[STORIA] I catafratti bizantini nell’epoca d’oro dell’impero

Illustrazione in copertina tratta da qui

L’immagine del cavaliere interamente ricoperto dalla corazza lamellare, due fessure nere come occhi, la lancia che spunta verso l’alto, sopra un cavallo anch’esso pesantemente bardato è associata in modo inestricabile all’impero bizantino, come se esso avesse fatto parte dell’esercito imperiale lungo tutto l’arco della sua storia millenaria.

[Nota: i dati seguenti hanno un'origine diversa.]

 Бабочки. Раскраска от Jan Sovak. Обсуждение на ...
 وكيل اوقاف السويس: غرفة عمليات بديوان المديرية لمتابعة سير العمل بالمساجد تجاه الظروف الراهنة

Non è così. I catafratti, intesi nel senso prettamente moderno di “cavalieri interamente ricoperti dall’armatura” furono utilizzati solo nel tardo periodo romano (IV-V secolo d.C.)  e in seguito nel periodo d’oro dell’impero bizantino (a cavallo tra X e XI secolo), cioè dal regno di Niceforo Foca in poi fino a scomparire, forse, dopo la battaglia di Manzikert (1071). Il tipico cavaliere bizantino dall’epoca di Giustiniano fino ai Comneni (XII secolo), infatti, pur con le dovute differenze ed evoluzioni, era solo parzialmente corazzato e contava su due armi tra loro complementari: l’arco e la lancia. Il kataphraktos di cui voglio parlare qui, invece, avevano compiti e potenzialità differenti.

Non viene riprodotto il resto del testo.